Yad Vashem recognizes 6,863 Poles as Righteous Among the Nations, the highest number of any nation.

“Considering the harsh punishment that threatened rescuers, this is a most impressive number,” Yad Vashem writes on its website. “On the other hand, when evaluating the role of Poles in the rescue of Jews, one also has to take into consideration that Poland’s Jewish community was by far the largest in Europe and that only about 10% of its Jews survived.”

Between 30,000 and 35,000 Jews were saved with the help of Poles — around one percent of all of Polish Jewry, according to Yad Vashem.

The Foreign Ministry and the Prime Minister’s Office declined to comment on Bauer’s criticism.

Yaakov Nagel, one of the two Netanyahu confidants who secretly negotiated the agreement with the Polish government, firmly rejected the veteran historian’s criticism.

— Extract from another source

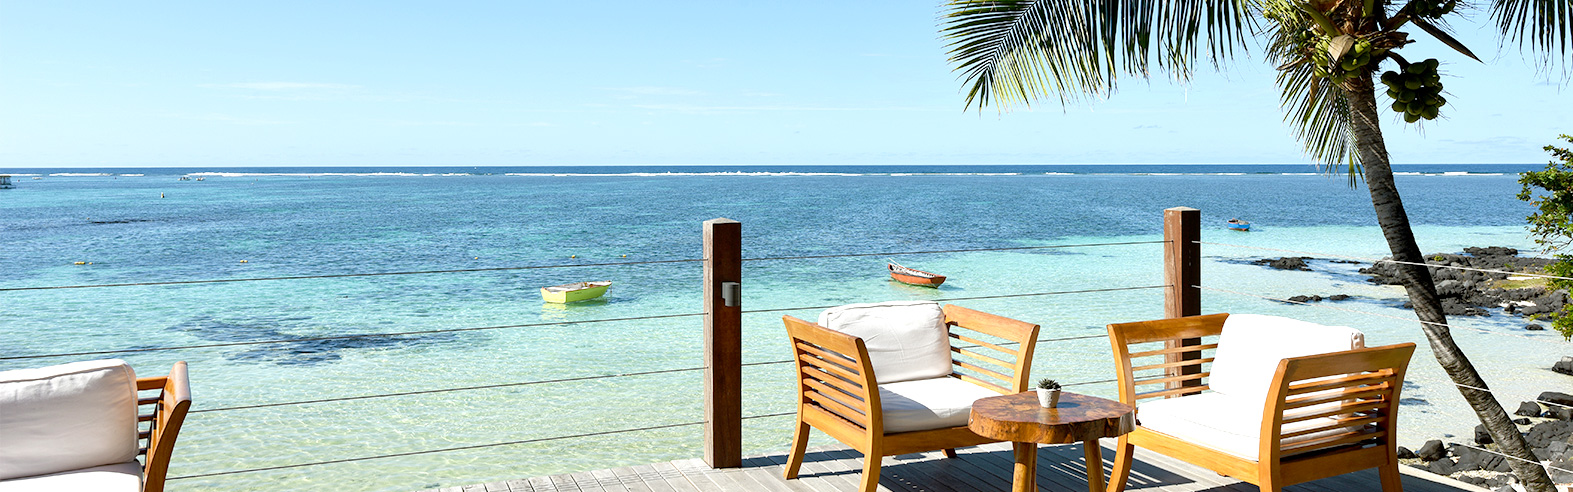 Solana Restaurants and Bars

“He apparently didn’t read the statement, or he was maybe insulted that we didn’t consult him,” Nagel told The Times of Israel in an interview. “If it wasn’t Yehuda Bauer, I would respond differently,” he added, suggesting that Bauer’s advanced age may cloud his judgment.

“Here is a country that prides itself with having passed a law that they say will restore national honor, and half a year later they cancel it with their tails between their legs,” he said.

Yaakov Nagel in March 2017 (Flash90)

“This is an great achievement for the State of Israel,” Nagel went on. “The criticism drives me crazy. We got an amazing accomplishment. We had a law that everyone said was terrible, and we got rid of it without giving them anything in return. There is nothing wrong with the statement.”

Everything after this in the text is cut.